Ted Williams – best blankety-blank fishing interview ever
Tom Farnam and I have the steelhead lending library in full swing, passing videos and magazines back and forth until the fishing really turns on. My best contribution was the latest copy of The Drake magazine. Newsstand price is, quote, “Five Bucks – $10 for bait fishermen.” I’ve laughed at that enough that it’s worth the subscription just to see that on the cover of a magazine.
Farnam returned the favor by loaning me a pile of his Wild Steelhead & Atlantic Salmon back issues. These things are wonderful. They’re about the size of a road atlas for a nice roomy format. I went right to the cover story – Baseball Great Ted Williams: As Outrageous and Colorful as Ever, on His Favorite Fish.
Tom has told me tales about Williams before, how he set some baseball record for hitting then hustled past the reporters hoping for interviews so he could hop a plane to get in one last day of fishing on a favorite stream before the season closed.
This writeup is one of the best things I’ve seen in print. Pretty much a transcript presented raw by Thomas R. Pero. The opening sentence goes like this: “Hell, I can tell you real simply. . . .” Pero has the good sense to stay out of the way and just let Williams talk. And, oh boy. It is colorful. Here’s a sampler, edited for people with tender eyes.
“[Blankety!] I said. ‘[Blank] . . . son of a [bleep] was THAT LONG! I got him on.’ He just sunk right down, stayed right in that slick. . . . So I just wound all the [bad word] line up and got it on my reel. . . .”
“Last year’s camera didn’t have any film in it. The other year’s camera – the guy didn’t know when to take the [bleeding] picture and we never got a picture. That’s all right. I don’t give a [hoot]. The best fish I caught in the last 10 years, I haven’t got any pictures of them. ‘Cause I’m so [blessedly] CONCERNED about getting ’em back in the WATER. You know – hurry up, hurry up, HURRY UP. You get a 30-pound fish and you hold him by the [filth, foul, filth] tail. You’re trying to hold him up. You can’t hold him. It’s kinda tough.”

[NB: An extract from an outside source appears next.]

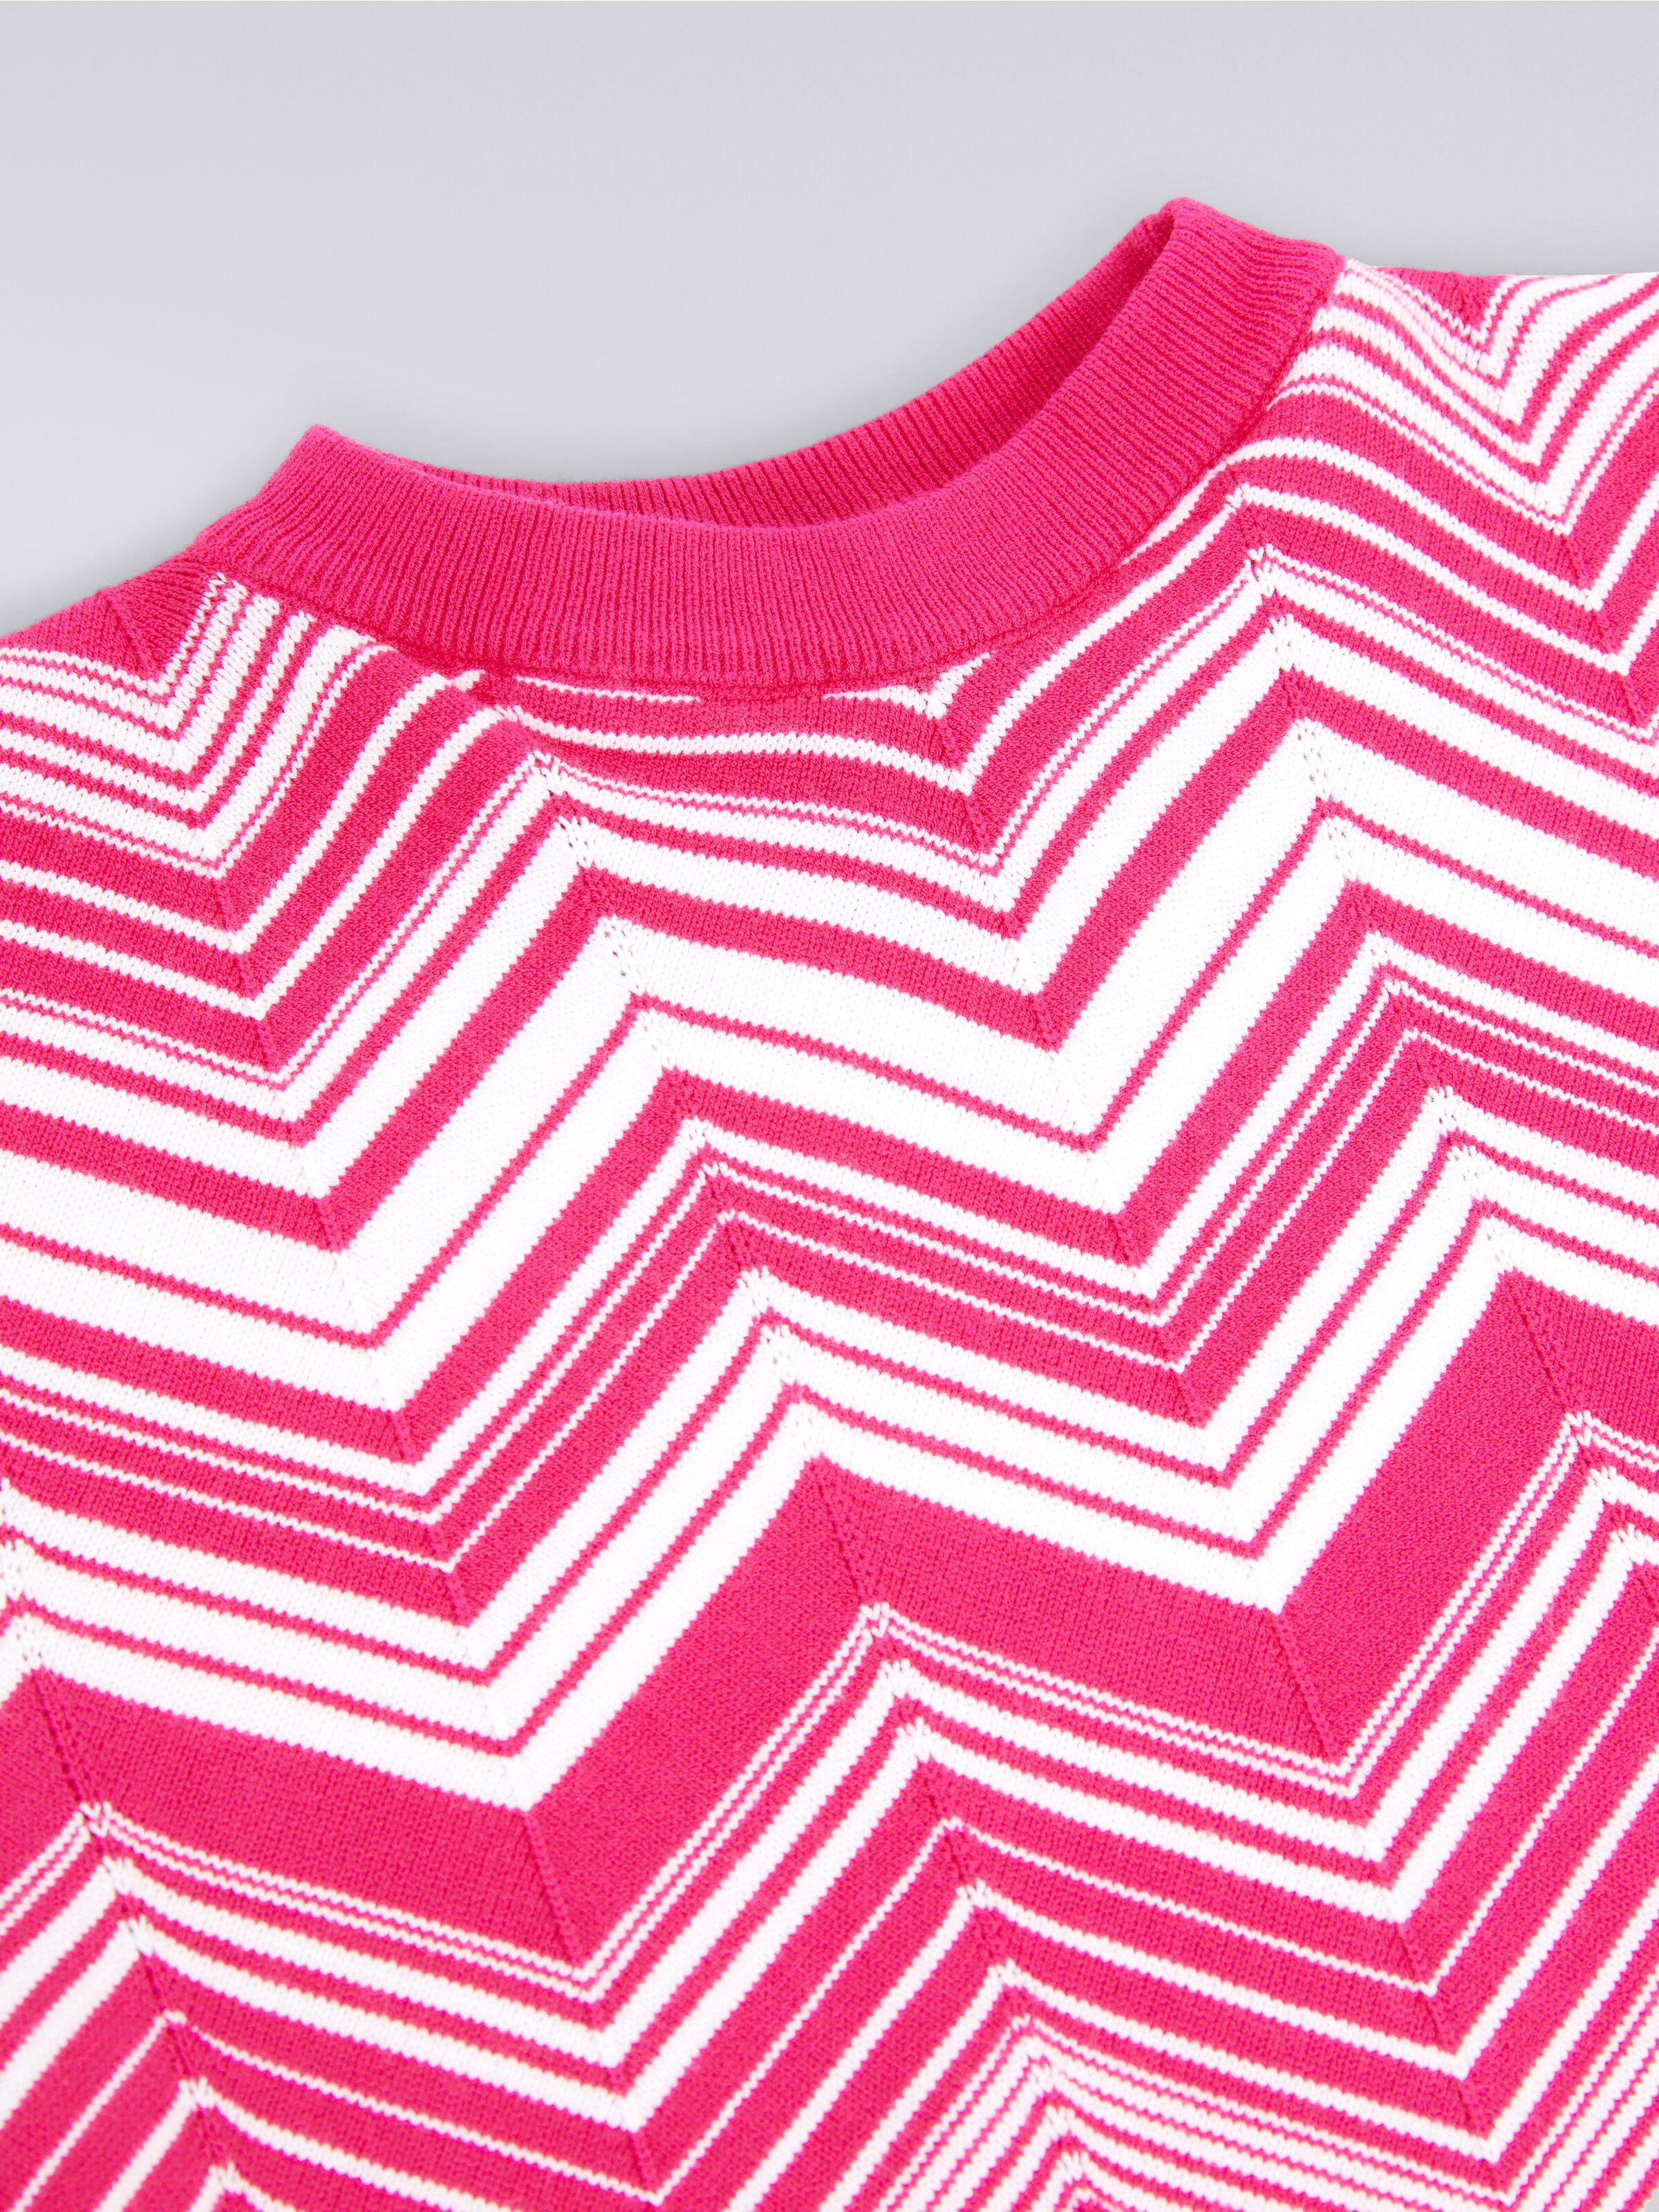 Viscose blend sweater, Pink   - 2

It’s kinda tough to resist finding out more about this guy after beholding such an interview. It’s not just the unexpected salty language, Williams was full of interesting [things] to say so I ran him through [the] Google. Baseball Hall of Famer considered best with a bat, pretty much ever. Took time out to fight a war. Twice. WWII then Korea. Campaigned for children’s cancer research. Married models. Had his own line of outdoor equipment, sold through Sears. Serious fisherman. You know that thing where people ask who you’d want to go back in time to have lunch with? I’d put rod racks on the DeLorean and see if I could go fishing with Ted Williams.
Wallowa River update
Got out for an afternoon on the Wallowa with Mikey Baird and Cam Scott. In an increasingly depressing trend this season, I caught nothing, Cam hooked but lost a big one, up in the 30-inch range, he says (my eyes hurt from rolling), Baird got into whitefish, trout, then I watched him hook this fish immediately after I’d gone through the same water. It looks small. And it is. But . . .

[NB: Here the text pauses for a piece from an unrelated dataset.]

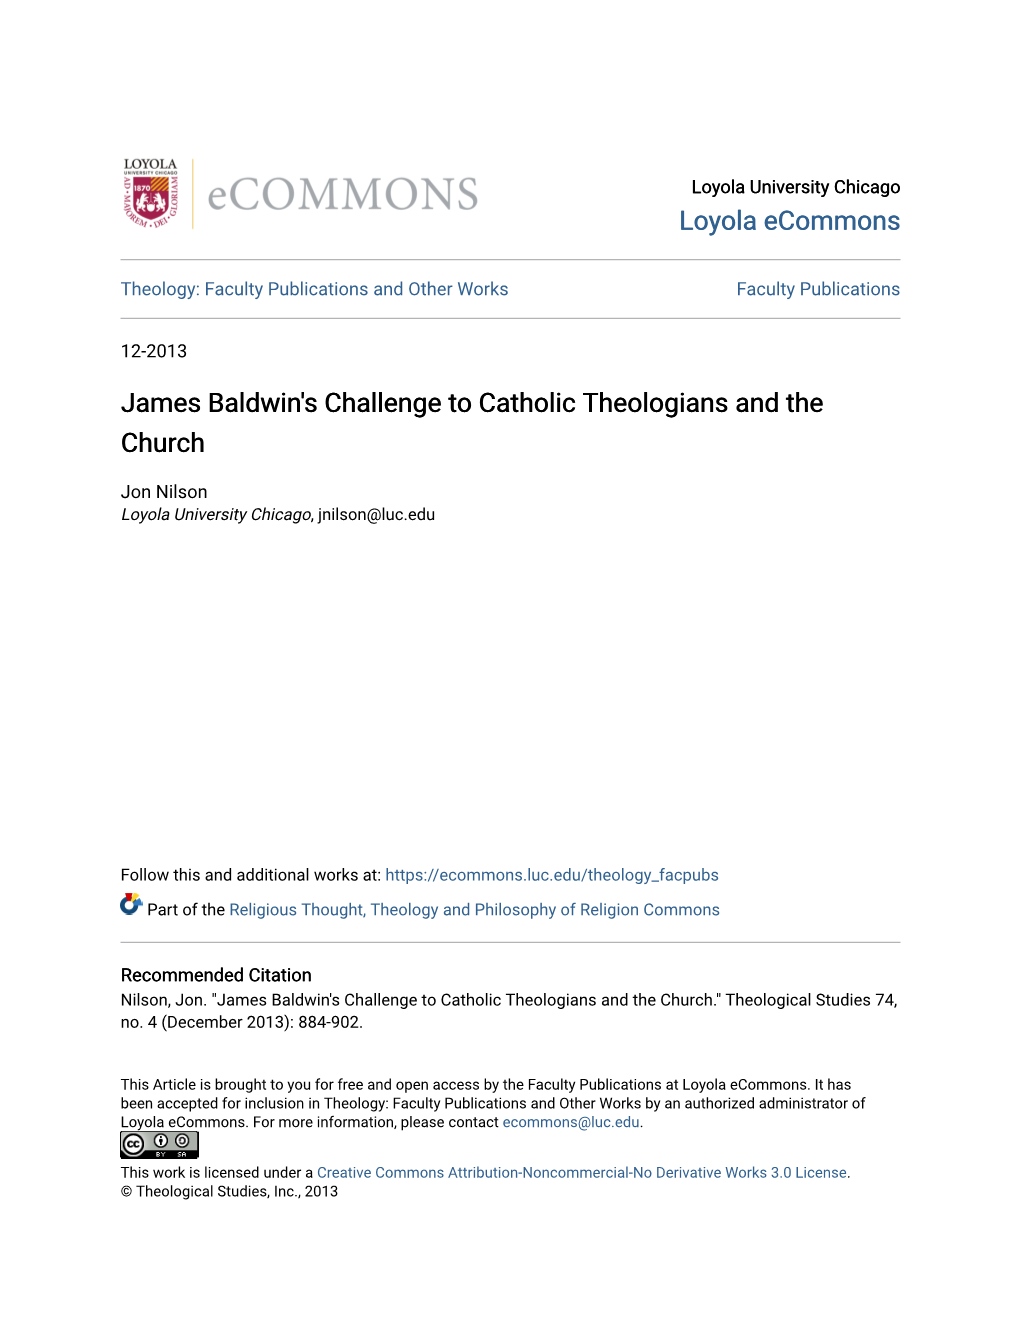 James Baldwin's Challenge to Catholic Theologians and the Church

. . . this fish put on a display, rocketing out of the water three times and putting on such a show that we both thought it was closer to the 20-inch range. If this fish ever encounters a bear in the woods, the bear will almost certainly back down because this fish will appear larger than it really is.
Toward the close of day we got this nice curtain closer:
And I got this interesting shot. Looks like Mike’s truck is filled with gravel but really it’s a scree field behind me reflected in the window. Pretty tricky, I know. Don’t ask why I was standing next to Mike’s truck like that.
I said don’t ask. All I can tell you is this tire belongs to me now.